Hiç bir yere gidemezsin . Kızım beni delirmek mi ? İstiyorsun seni görenler yarın yine kapıya ailesini dizecek .Benim verecek kızım yok. Katil etme beni git değiştir.”Kusura bakma aslanım ama ben böyle gidiyorum istersen sende gel .”Gelemiyorum kızım gelebilsem gelirim .Ama işim çok var ” Abim Sozdar'ı tembihleyip beni ona amanet edip bizi gönderdi. Düğün alanına vardık .Müthiş bir kalabalık vardı .İlk gözüme çarpan Munzur oldu . Girişte elinde sigara içiyordu.Beni farkedip başını geri yaslayınca yanlışmı gördüm diye kendimi cimcikledim. Arkaya doğru gidince bende arkasından gidip gitmemek arası gelip gittim.En son karar verip arkasından ilerledim .Biraz uzak ağaçların yanında bir erkek bedeni gördüm .Gece karanlıktı .Biri bizi görse abim kemiklerimi kırardı. Ve ben ölümüme susamıştım. Yanına vardığımda bir erkek bedeni daha belirdi.

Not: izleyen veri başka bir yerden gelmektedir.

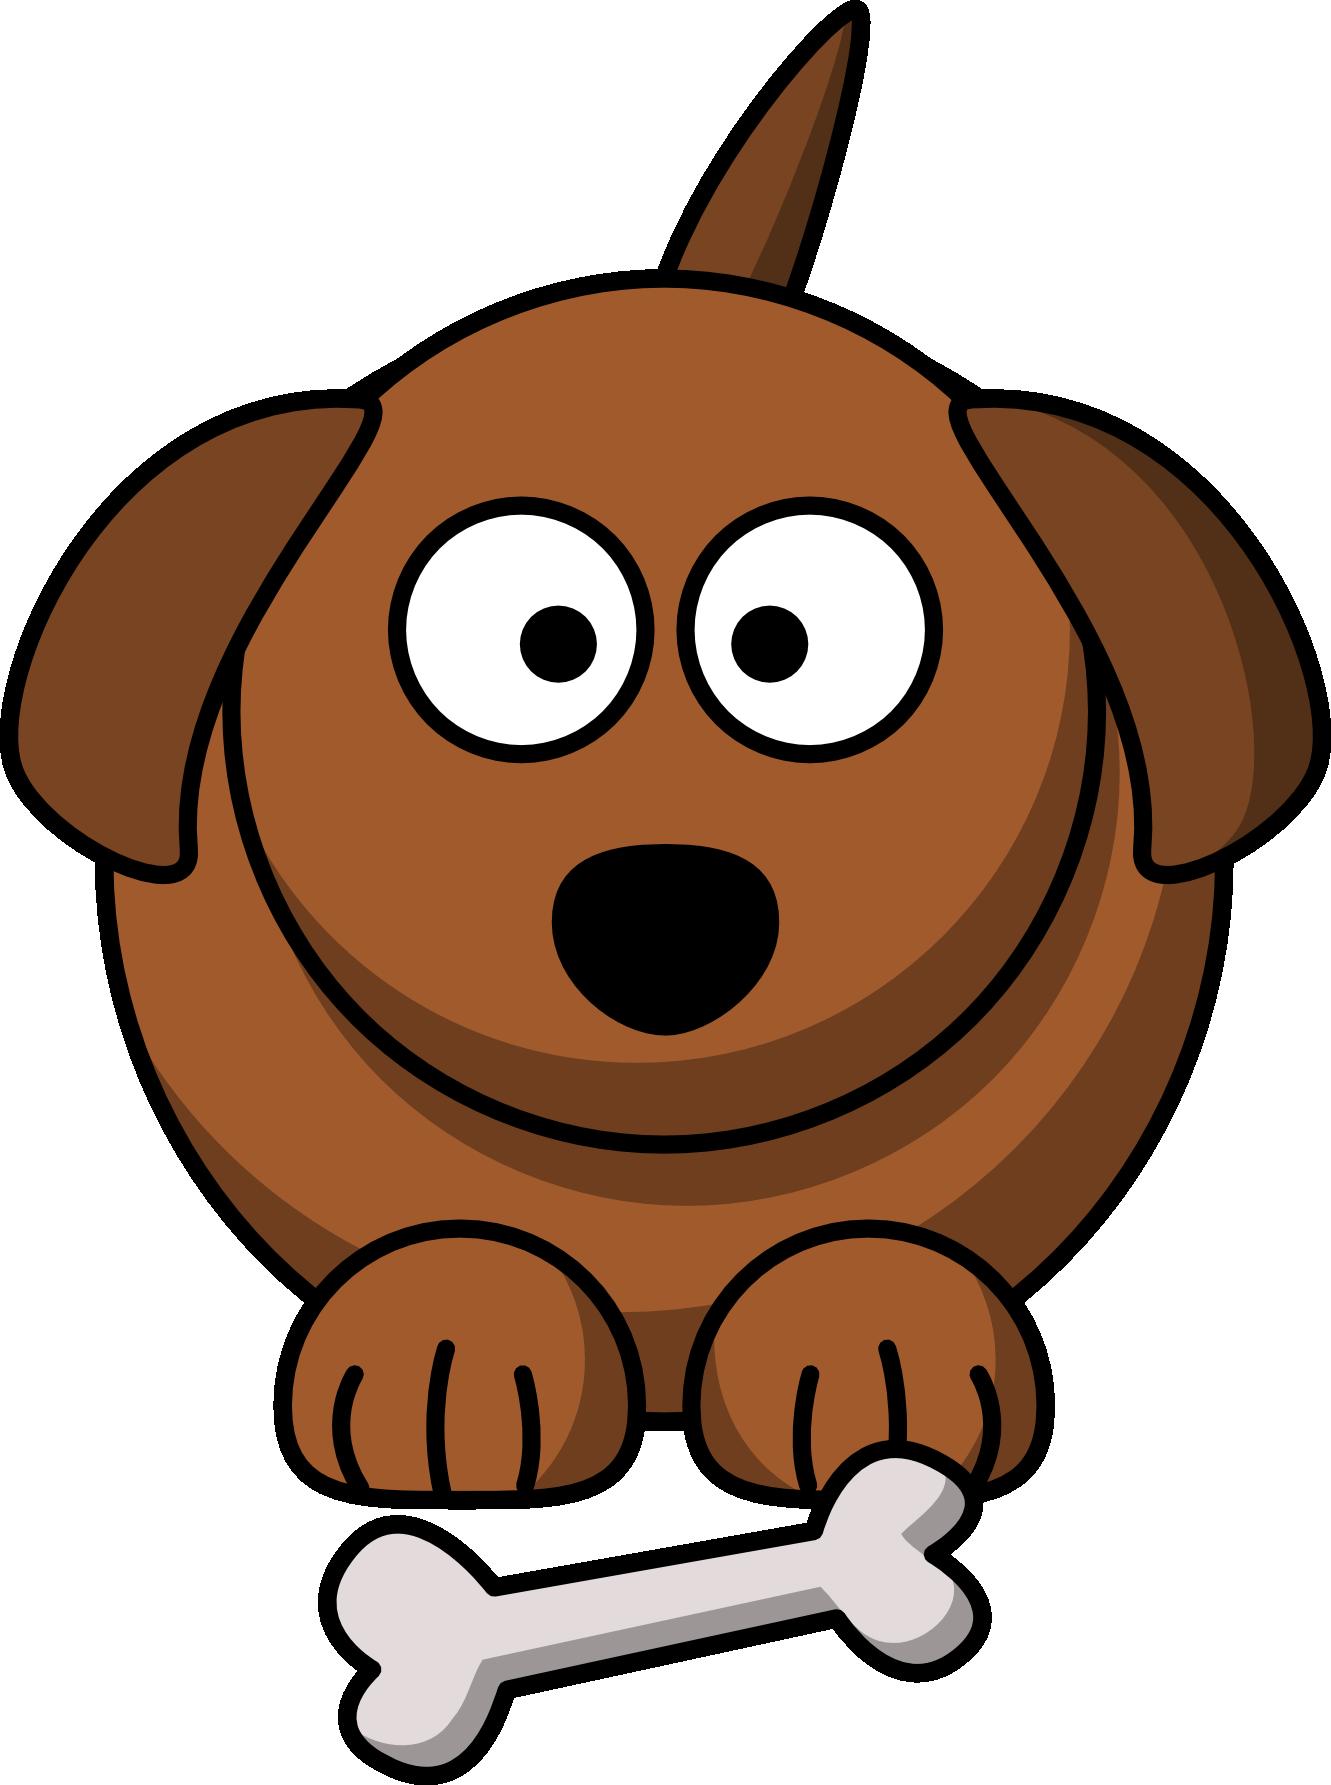 Clipart dogs xmas. Christmas dog bone panda
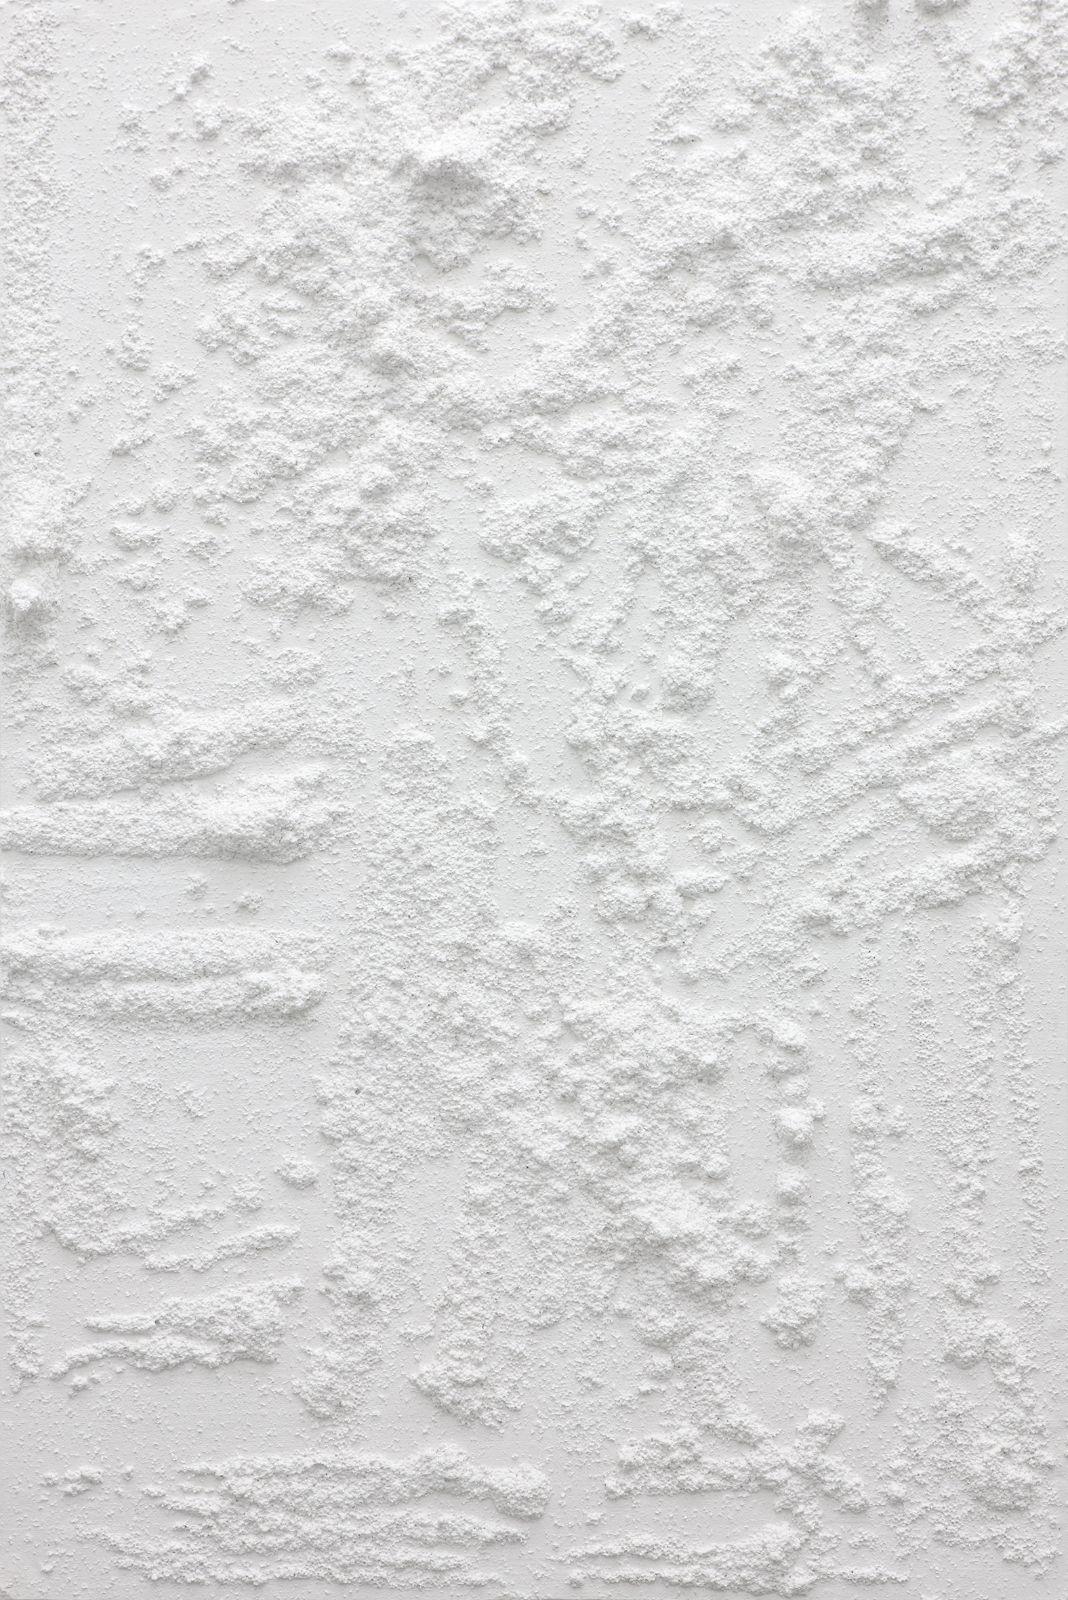 Untitled, 2013, plaster, 150 x 100 x 11 cm

Anlamayan gözlerle bakınca karanlıktaki yüz belirdi .Bu yıllardır başımın belası Argeş 'ti beni sevdiğini söyleyip duruyor her seferinde ailesini gönderiyordu.Kac kez red edildi yinede vazgeçmiyordu.Demek onunla konuşmam için beni çağırmıştı.Bende salak gibi kendi için sandım .Ne kadar aptalmışım . Bendeki kafayla daha çok kandırılırım.Birden beni kale bile almayıp Argeş' e “dönüp işini çabuk bitir gel kimse görmesin sizi ”deyip gitti.Dilim tutulmuş gibi tek bir kelime etmedim . Aklım başıma geldiğinde hemen orayı terk etmek için adımladığımda şerefsiz kolumu tutup .“Nereye gidiyorsun ?Konuşacaz” deyince. Bana bak benim seninle konuşacak tek bir kelimem yok kafanı kırmamı istemiyorsan bırak kolumu ." “Bırakmıyorum konuşacağız seni seviyorum deli gibi hemde beni hiçmi görmüyorsun?” “Zorlamı ben seni sevmiyorum .Senin aşkına saygı duyuyorum .Ama seninki aşk değil takıntı.İstemiyirum anlamıyormusun ? Sevmiyorum seni ”“ Neden lan neden ?”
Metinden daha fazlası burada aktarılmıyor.